We used PCR to screen a library of mutagenized worms for mutants carrying deletions in egl-6 and found additional alleles of egl-6, n4536 and n4537. Both deletions remove the translational start site of the egl-6b transcript and most of the coding sequence of both egl-6 transcripts (Fig. 1b) and are likely to be null alleles of egl-6.
To determine how the n592 mutation affects egl-6, we tested the effects of egl-6 gene dosage on egg-laying. We quantified C. elegans egg-laying behavior using the developmental stage of newly laid eggs, which reflects the time embryos spent in utero2 (Fig. 2a). Statistical comparisons between strains analyzed in this manner are presented in Supplementary Table 1 online. Wild-type worms retained most eggs until the embryos developed to a multicellular but premorphogenic stage (Fig. 2b). egl-6(n592) mutants laid embryos that had developed to the twofold stage or later, reflecting slower rates of egg-laying and longer retention of embryos. egl-6 deletion (egl-6(Δ)) mutants had wild-type egg-laying behavior, indicating that the n592 mutation does not reduce egl-6 gene function. By contrast, transgenic worms with extra copies of wild-type egl-6 laid later-stage eggs than did the wild-type worms. These observations indicate that n592 increases egl-6 activity and that egl-6 inhibits egg-laying. Because activation of GPCRs is accompanied by allosteric changes in the relative positions of transmembrane domains20, n592 might increase receptor function by stabilizing an active conformer of the receptor.
Go signaling inhibits C. elegans egg-laying behavior8,9. Because egl-6 encodes a presumptive GPCR that inhibits egg-laying, we tested whether the egg-laying–defective phenotype caused by a gain-of-function (gf) mutation in egl-6 requires Go signaling. Loss-of-function (lf) mutations in the gene encoding C. elegans Goα, goa-1, increase rates of egg-laying8,9. We observed a corresponding change in the stage of eggs newly laid by goa-1 mutants, with a majority having eight cells or fewer (Fig. 2c). goa-1(lf) also strongly suppressed the egg-laying defects caused by either the n592 mutation or overexpression of wild-type egl-6. egl-6 deletion did not modify the egg-laying behavior of goa-1 mutants. We observed similar results with a different goa-1(lf) allele, n3055 (data not shown). Our data show that egl-6 function strongly depends on goa-1, suggesting that EGL-6 couples to a Go signaling pathway. However, some EGL-6 signaling might be independent of goa-1, as both the egl-6(n592gf) gain-of-function mutation and extra copies of wild-type egl-6 slightly delayed the egg-laying behavior of goa-1 mutants (Fig. 2c).

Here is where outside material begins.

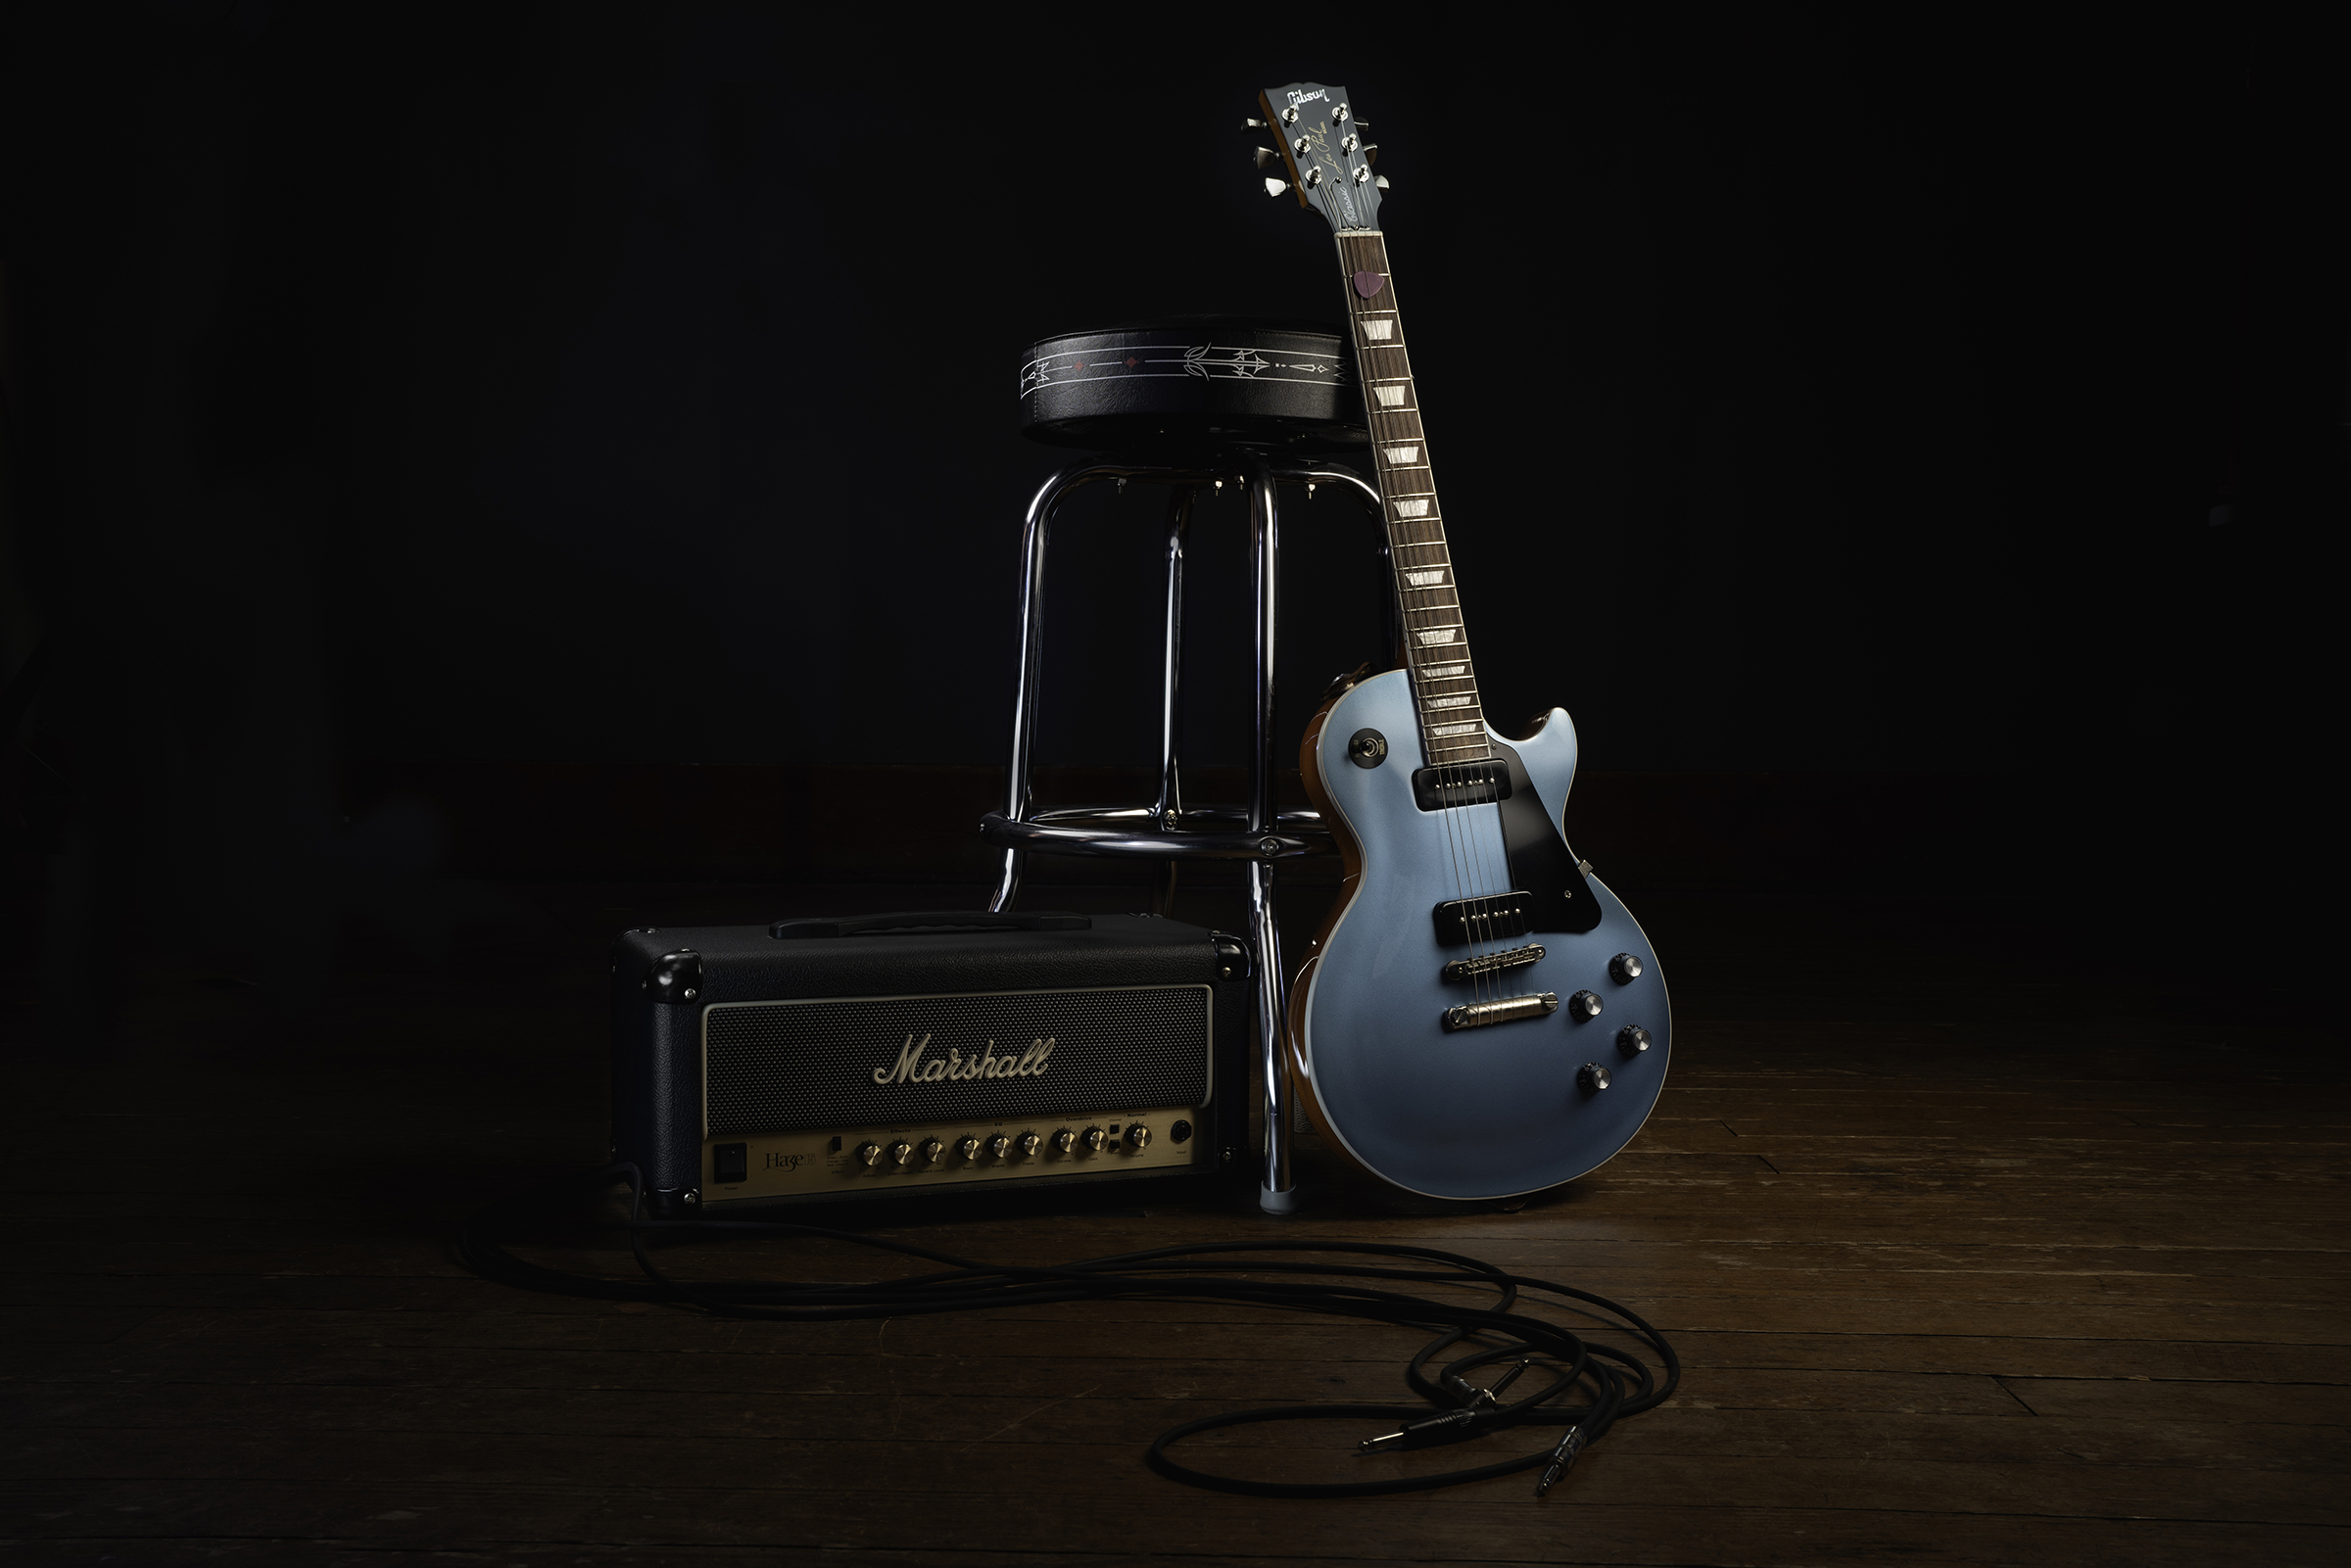 Gibson-guitar-blue-fender-amp-and stool-light-painted-photo-professional-commercial-photography-kelly-ann-photogrpahy-springboro-ohio-dayton-cincinnati-kelly-settle
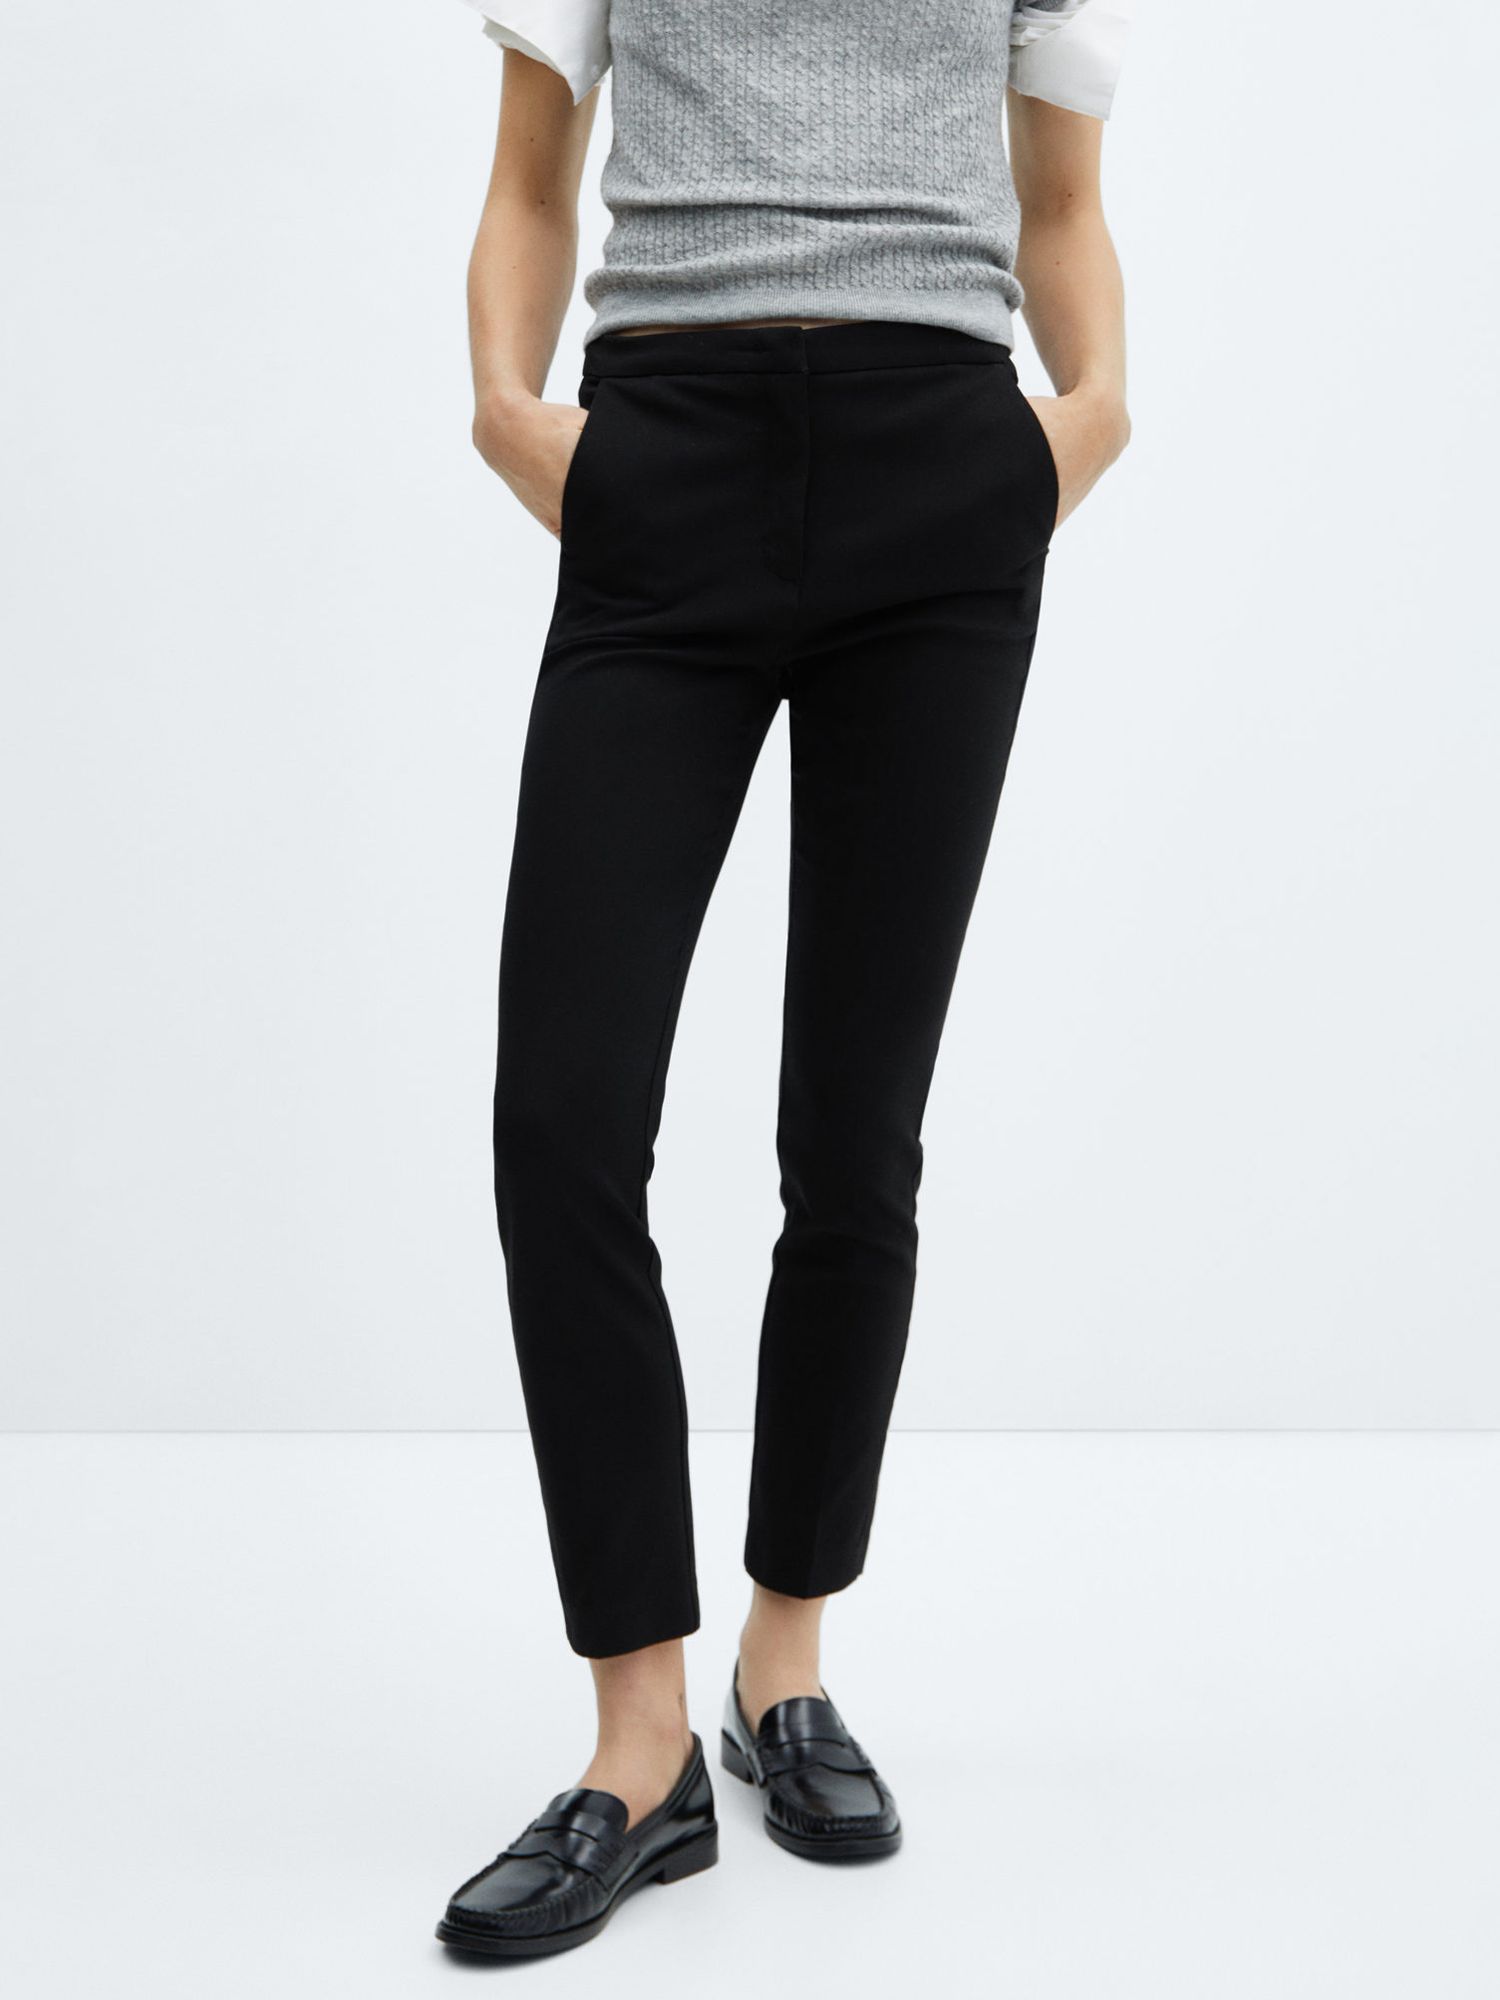 A New Day Women's Geometric Print Slim Ankle Pants (Black/Cream

To determine where egl-6 functions, we constructed a green fluorescent protein (GFP) reporter transgene, egl-6gfp. This transgene caused an egg-laying defect that strongly depended on goa-1 function (data not shown), suggesting that it encodes a functional receptor. We detected egl-6gfp expression using an antibody to GFP and observed strong and consistent expression in HSN motor neurons (Fig. 3a) and in GLR cells, glia-like cells in the head. We consistently observed weaker staining of the DVA tail interneuron and occasionally observed staining of the lateral interneurons SDQL and SDQR.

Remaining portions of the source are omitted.